Dear Mr. Husband,

I owe you an apology. I’m sorry for how often you’ve felt unseen over the past four and a half years. I never meant to push your needs aside, but somewhere along the way, you stopped being my top priority. Please know—you still matter deeply to me. You’re just no longer first in line, and that’s not because I love you less. It’s because life changed.

I know you have your own needs, dreams, and desires. I want to be the one you turn to for support. And I know you’re tired of hearing me say I have a headache or that I’m too exhausted when you reach out to me.

I miss the energy I used to have. I miss feeling like myself. Just recently, I somehow found the strength to do ten loads of laundry—washed, folded, put away. You probably didn’t even notice, and that’s okay. I was letting you rest. Sometimes it really does feel like we’re business partners just trying to run a household. And in truth, that’s what it looks like some days.

But don’t doubt this: I still believe in us. We make a great team.

My mind, body, and heart are wrapped up in raising these two little boys who look just like you. Even when they’re asleep, I’m still in mom mode—worrying about tomorrow, next week, and ten years from now. Wondering if you have clean clothes. Thinking about money, milestones, and whether we have enough milk in the fridge.

I don’t know how to switch off being a mother. It’s become who I am. And as much joy as it brings, it’s also physically, emotionally, and mentally exhausting.

I never want you to think you don’t matter anymore. I couldn’t imagine this life without you. But the truth is, you’re an adult—and I know you can take care of yourself. You can make your own lunch, drive yourself to the doctor, and handle what needs to be done.

But when you come home from work, you’re often met with the most drained version of me. I gave our kids everything I had that day. Sometimes, there just isn’t a “best” version left. And when something has to give, unfortunately, it’s usually me.

I worry about your sleep apnea, your allergies, your knee spasms. I worry about Alex’s rash and Ben’s runny nose. I worry about the dog’s ears, the vet bill, and even the fish tank that’s due for a cleaning. My head is a never-ending to-do list, even when I try to sleep.

It’s not your fault. It’s not the kids’ or the pets’. I just tend to put myself last—and I know that has to change. I hear you when you remind me to see a doctor, to eat better, to drink more water. But by the time I’ve handled everyone else’s needs, there’s nothing left for mine.

I’m not blaming you. In fact, I’m so grateful for you. You do more for this family than anyone I know. You love us all so deeply, and I see it. I feel it. I love you a little more every time I watch you help someone without expecting anything in return. Our kids look up to you—and they cry when you leave in the morning for a reason. You’re their hero. And mine too.

I’m not the same woman you married eleven years ago. I’ve changed.

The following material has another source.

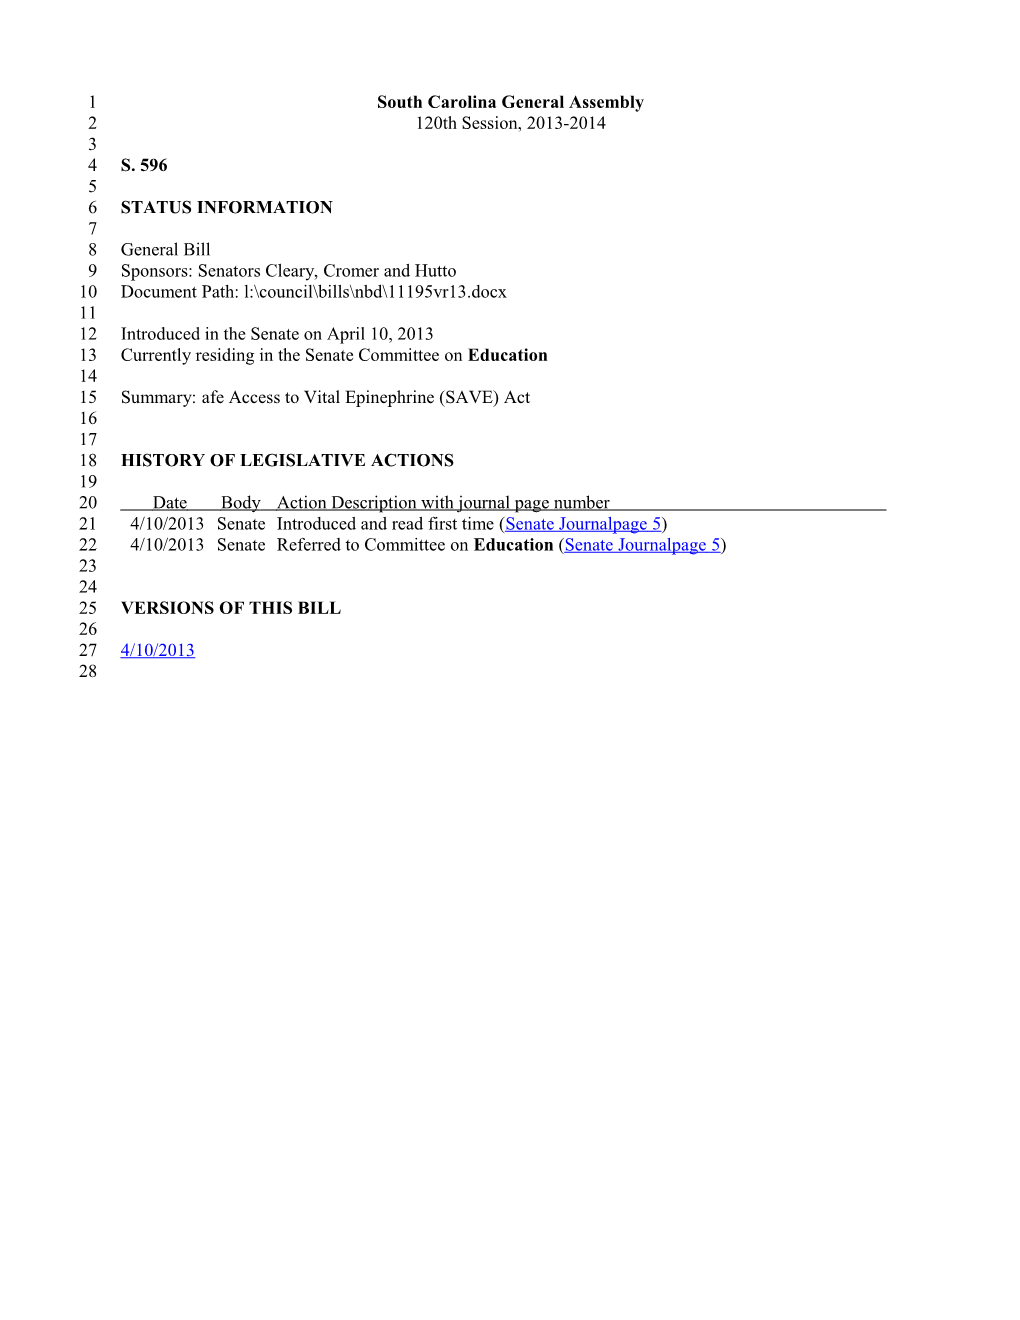 2013-2014 Bill 596: Afe Access to Vital Epinephrine (SAVE) Act - South Carolina Legislature

I’ve grown. I’ve become a mother, a scheduler, a planner, a nurse, a chef, and a cheerleader. I’m the one behind bedtime routines and morning chaos, pasta dinners and school pickups. I’m all of that—but I’m still yours.

And I wouldn’t trade this life for anything.

I love you. I love our kids. And I love the life we’ve built together. I may not be the wild, beer-drinking, spontaneous girl you first met—but I’m still here. And I’m still yours.